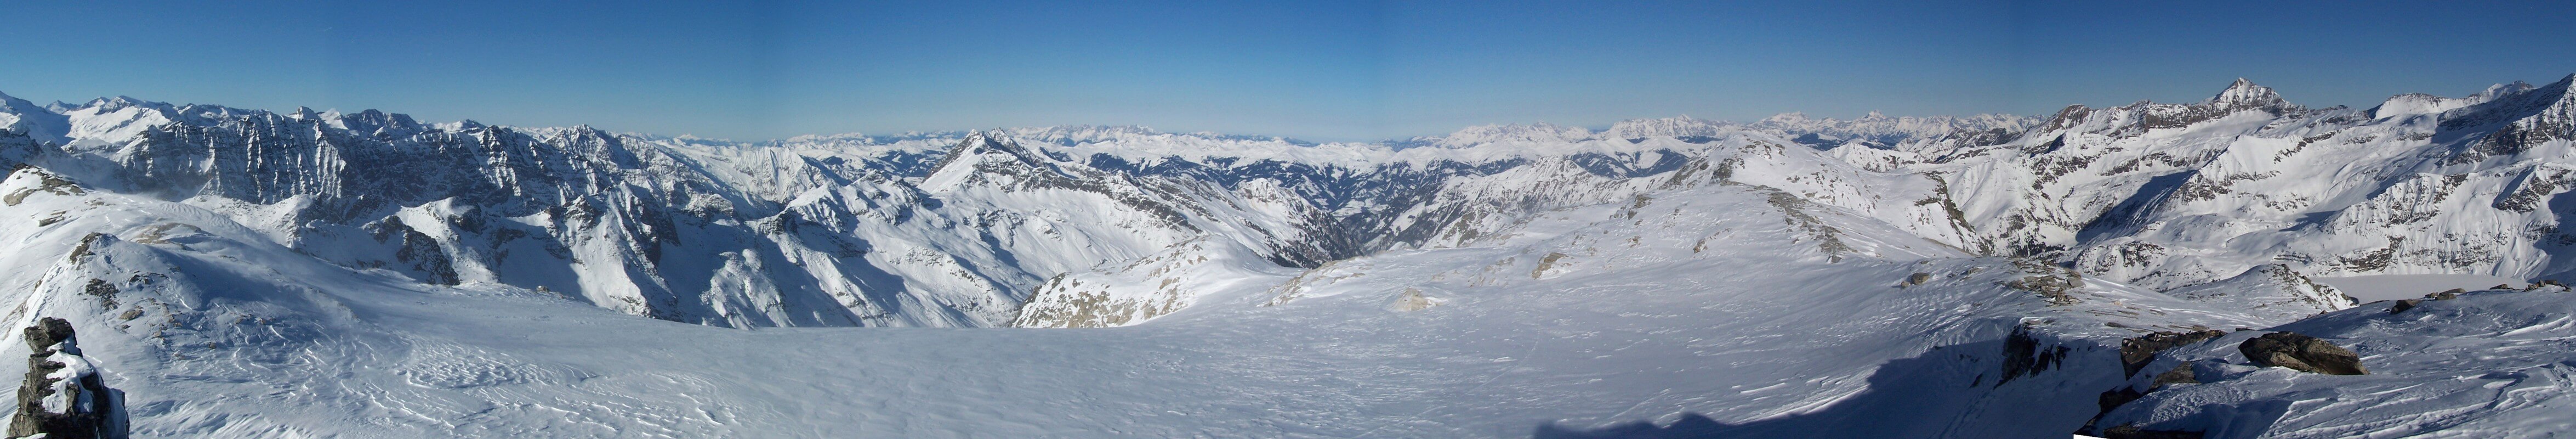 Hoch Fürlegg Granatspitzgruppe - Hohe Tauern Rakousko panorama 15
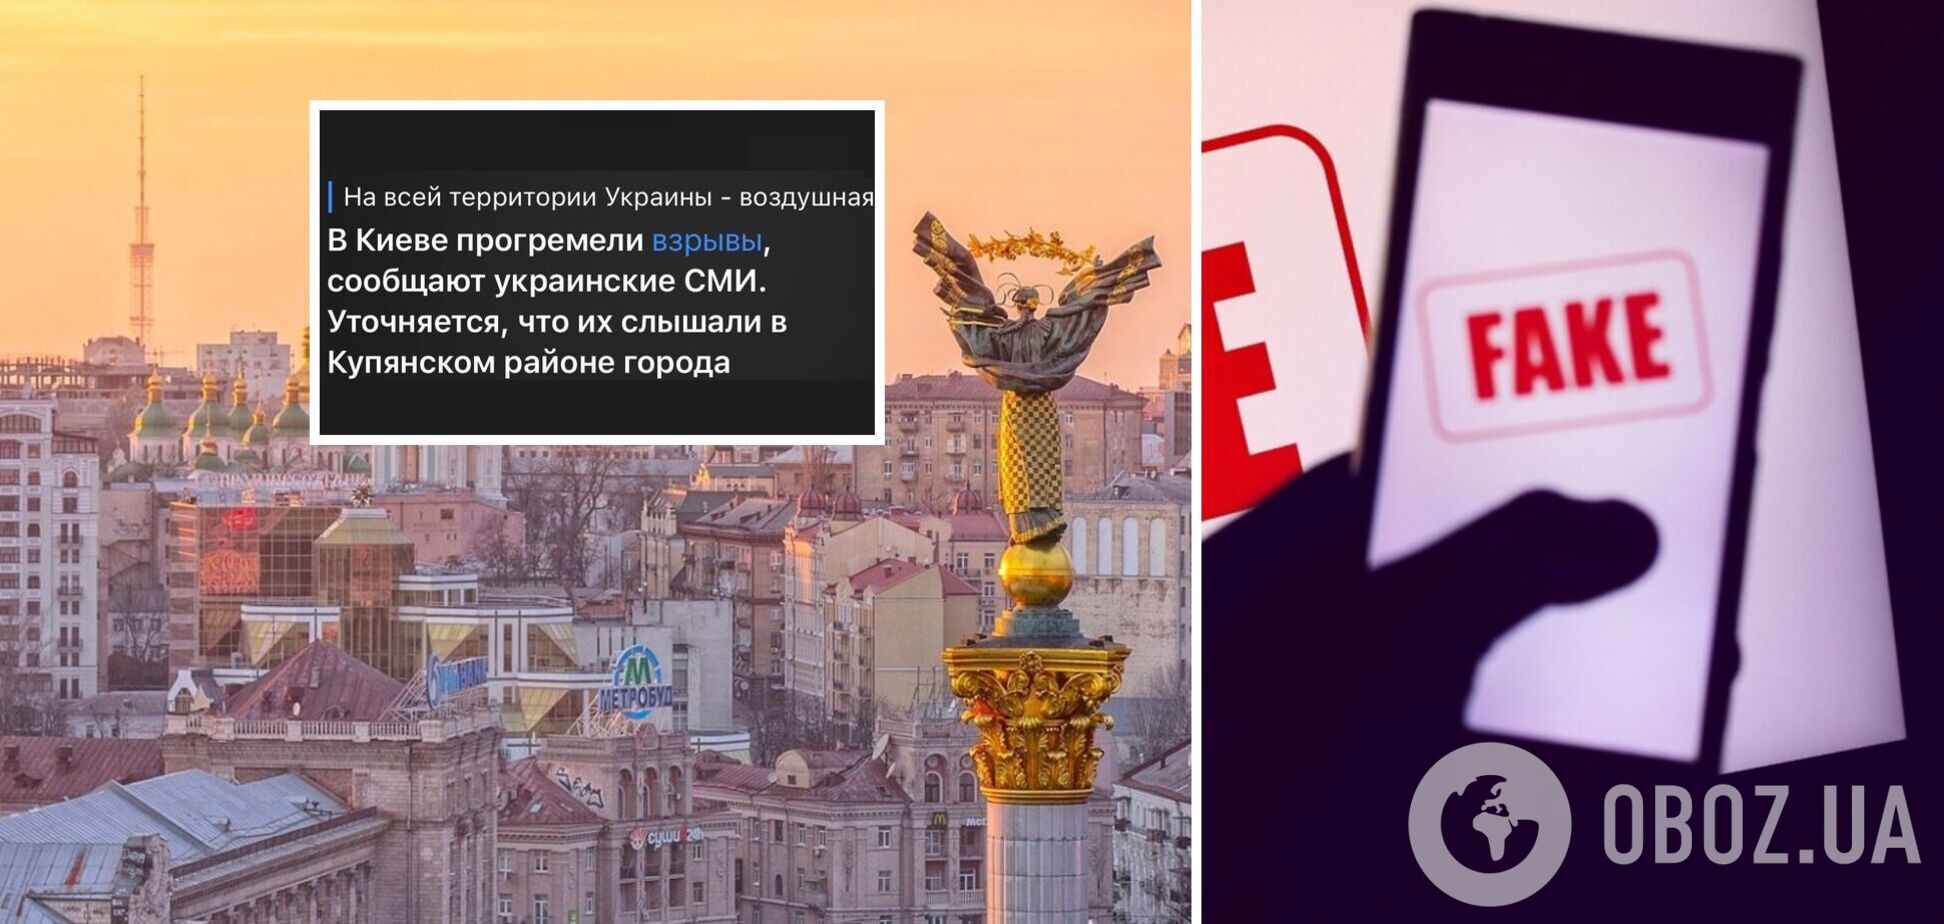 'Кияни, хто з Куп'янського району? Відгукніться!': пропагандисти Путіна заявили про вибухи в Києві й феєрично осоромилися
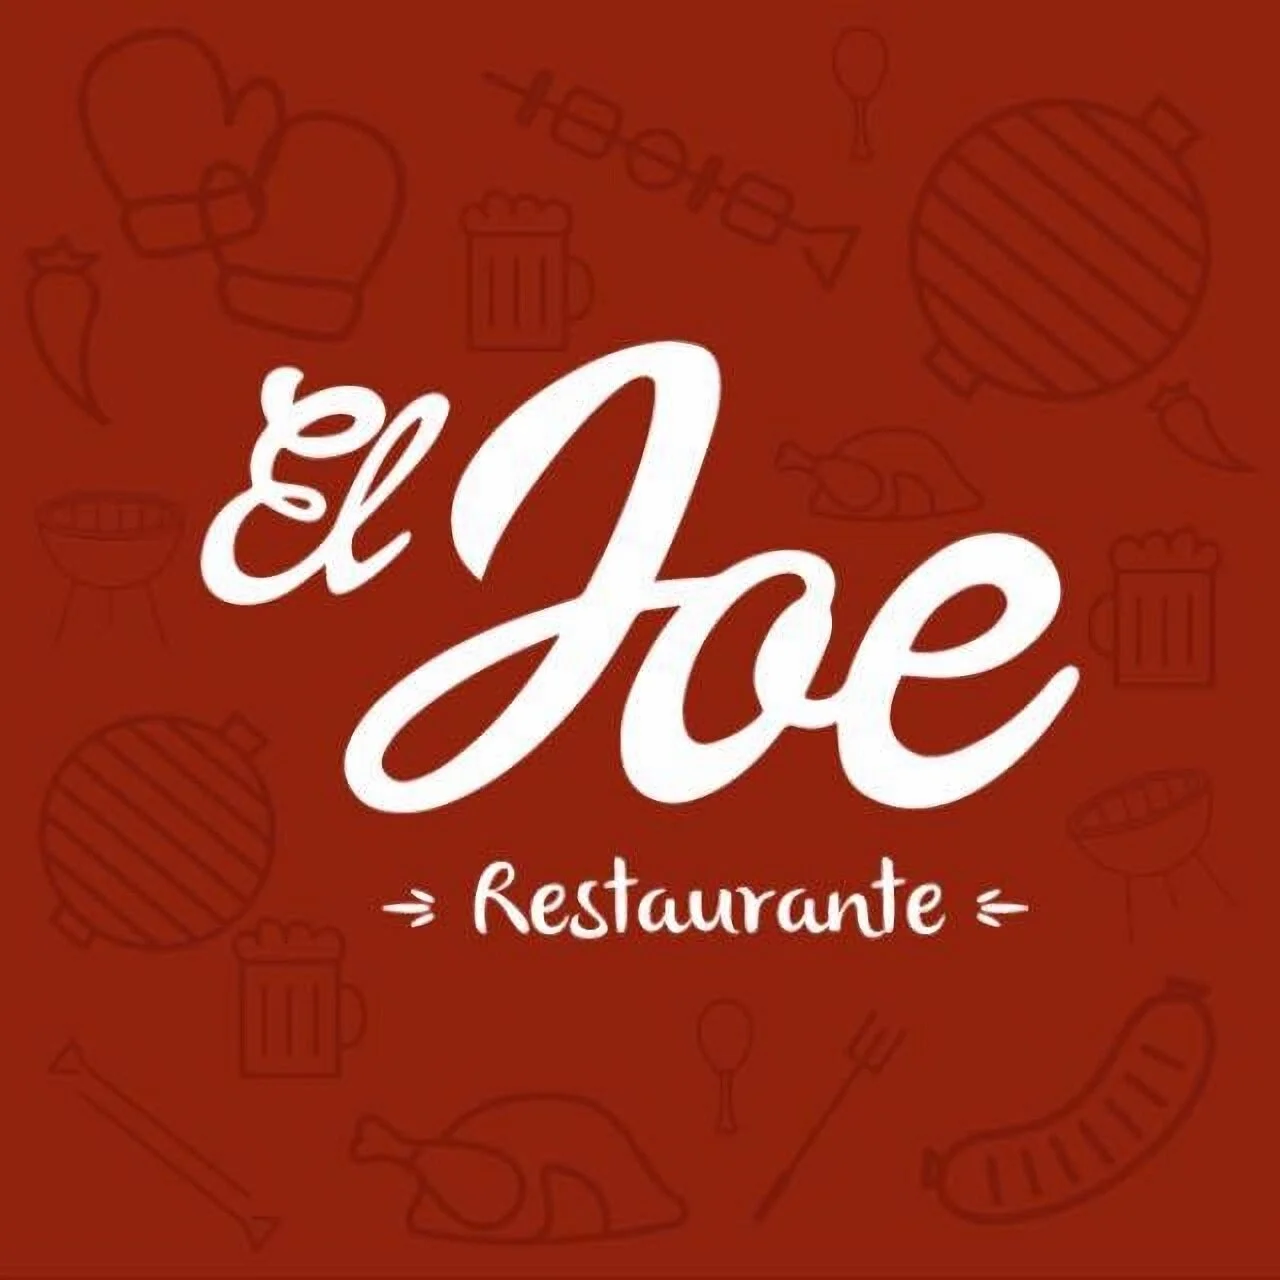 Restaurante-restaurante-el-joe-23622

- - - - - - -

- [Exercise brief]
Please set down the lines above word for word and leave out the pictures.

- [The answer]
 Hoch Fürlegg Granatspitzgruppe - Hohe Tauern Rakousko panorama 15
 'Кияни, хто з Куп'янського району? Відгукніться!': пропагандисти Путіна заявили про вибухи в Києві й феєрично осоромилися
 Restaurante-restaurante-el-joe-23622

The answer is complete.